Large ice breaker on the Staight of Magellan.
My journey started with three flights lasting a total of 25 hours, from San Francisco to Dallas to Santiago to Punta Arenas. As I was landing in Santiago, it must have been burn pile day or they just don’t care about air pollution because the smog was thick and the odor pervasive. There was a three-hour window from when I landed in Santiago and my flight to Punta Arenas. One would think this would be more than enough time, however, between immigration, customs, and navigating a chaotic terminal with signs in a foreign language, I barely made my flight.

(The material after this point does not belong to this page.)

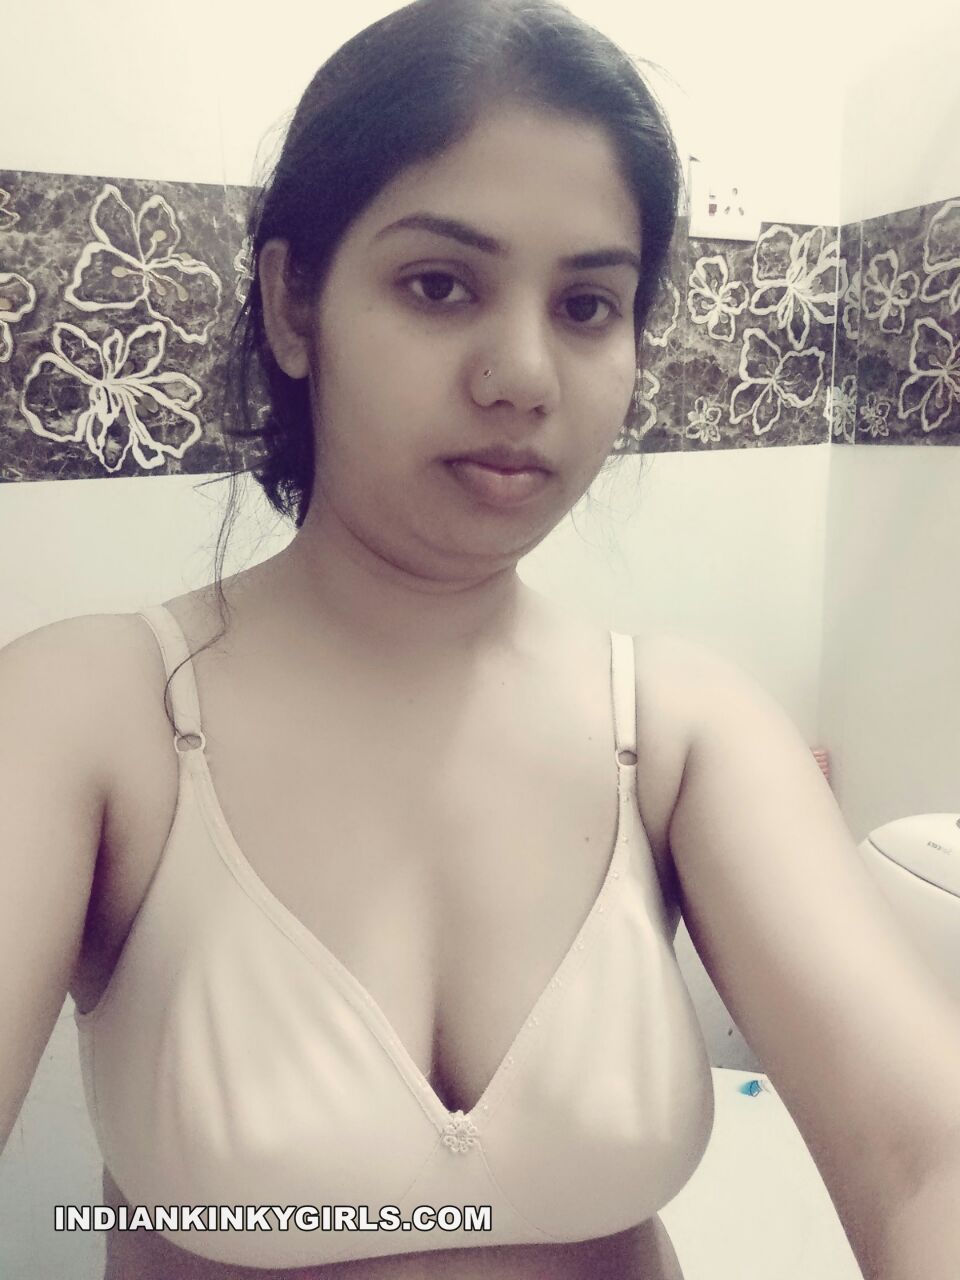 Amateur Indian College Girl Nude Selfies Leaked .jpg

It’s a quick flight from Santiago to the Punta Arenas airport, which is about 20 minutes from town. I grabbed a taxi to my hotel, checked in, and took a walk around. Punta Arenas is a medium-sized town located on the Straight of Magellan. On the Saturday afternoon I arrived the locals were out shopping en mass. One thing I noticed right away was that the men all wore the same cologne, and they put on buckets of this stuff. The main square has a statue of Ferdinand Magellan and for good luck one should kiss the toe (I opted to avoid getting the plague and just touched the toe). Around the main square are a variety of government buildings, hotels, restaurants, and retail stores.

I meandered down and took a stroll along the Straight of Magellan, a natural passage some 350 miles long and 2 miles wide between the Atlantic and Pacific oceans. There I spotted numerous fishing boats, tankers, and mix of sea birds. And everywhere you go there are stray dogs. The dogs and their nemesis, the automobile, do a strange dance. The cars will slow just enough and honk at the dogs while the dogs will bark and sometimes even give chase. In the 20 or so encounters I saw, not a single dog was hit. The weather began to change and I was still tired from traveling, so I headed back to my hotel for a whiskey and a steak before calling it a night.
Magellanic Penguins
The big adventure for today was going to the Magdalena Island, home to some 30,000 Magellanic penguins. After taking an hour-long boat ride into the Straight of Magellan you dock and walk on a looped path around the island. The penguins are quite relaxed around humans, as long as you stay on the path. In some cases when you take a photo they will twist their heads in curiosity.
Male and Female Magellanic penguins.
A Magellanic penguin resting on the edge of the ground nest.
Magellanic penguins are smaller than the more famous King and Emperor penguins. They are about 30 inches high, they mate for life, and come back to the Magdalena Island for breeding each year. Towards the end of March the penguins begin to leave the island and head to warmer waters near Brazil. They return in late October and the mated pair has one chick a year, which both parents take turns feeding until it is old enough to leave the nest, so to speak.
Into Patagonia
The trekking outfit picked me up along with another 15 individuals and we headed to Puerto Natales, a good three hours north of Punta Arenas. I stayed with this group of 15 other trekkers along with three guides for the next 9 days.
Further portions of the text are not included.